Now that we have values, a simple analysis would look like the following:

val_long <- sampz %>%
  select(step, contains("I")) %>%
  tidyr::gather(key, value, -step) %>%
  mutate(.draw = readr::parse_number(stringr::str_extract(key,"\newlined+")))

sumz_point <- val_long %>%
  group_by(step) %>%
  summarise(q05 = quantile(value, probs = .05),
            q95 = quantile(value, probs = .95))

val_long %>%
  ggplot(aes(step, y = value, group = .draw))+
  geom_line(alpha = .2)+
  geom_ribbon(data = sumz_point,
              aes(x = step, ymin = q05, ymax = q95),
              inherit.aes = FALSE, fill = "orange", alpha =.2)+
  labs(
    title = "Simulated SIR Curve for Infections"
  )

If we take the curve distribution approach we can see the following

p <- val_long %>%
  group_by(step) %>%
  curve_interval(value, .width = c(.5, .8, .95)) %>%
  ggplot(aes(x = step, y = value)) +
  geom_hline(yintercept = 1, color = "gray75", linetype = "dashed") +
  geom_lineribbon(aes(ymin = .lower, ymax = .upper)) +
  scale_fill_brewer() +
  labs(
    title = "Simulated SIR Curve for Infections"
  )

p

Now when we lay these ontop of one another, we see the issue with using the time interval method:

p+
  geom_ribbon(data = sumz_point,
              aes(x = step, ymin = q05, ymax = q95),
              inherit.aes = FALSE, fill = "orange", alpha =.5)

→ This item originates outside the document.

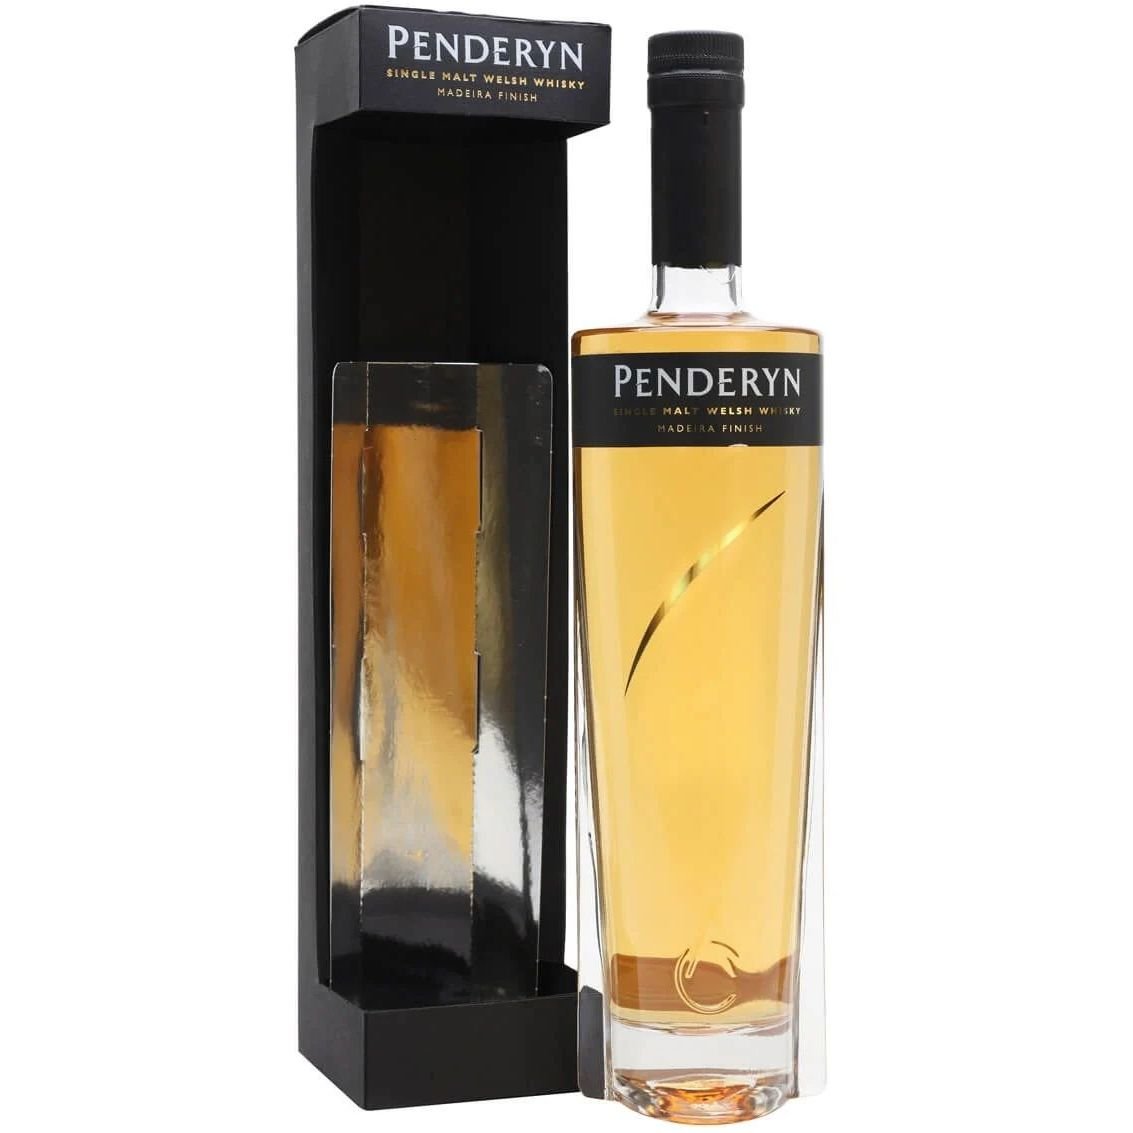 Віскі Penderyn Madeira Single Malt Welsh Whisky 46% 0.7 л у подарунковій упаковці - фото 1

We see that using the fixed time method we underestimate the peak much of the time! This is very dangerous and important when setting policy and establishing needs.

FitzJohn, Rich. 2019. Odin: ODE Generation and Integration. https://CRAN.R-project.org/package=odin.

Juul, Jonas L., Kaare Græsbøll, Lasse Engbo Christiansen, and Sune Lehmann. 2020. “Fixed-Time Descriptive Statistics Underestimate Extremes of Epidemic Curve Ensembles.” arXiv:2007.05035 [Physics, q-Bio, Stat], July. http://arxiv.org/abs/2007.05035.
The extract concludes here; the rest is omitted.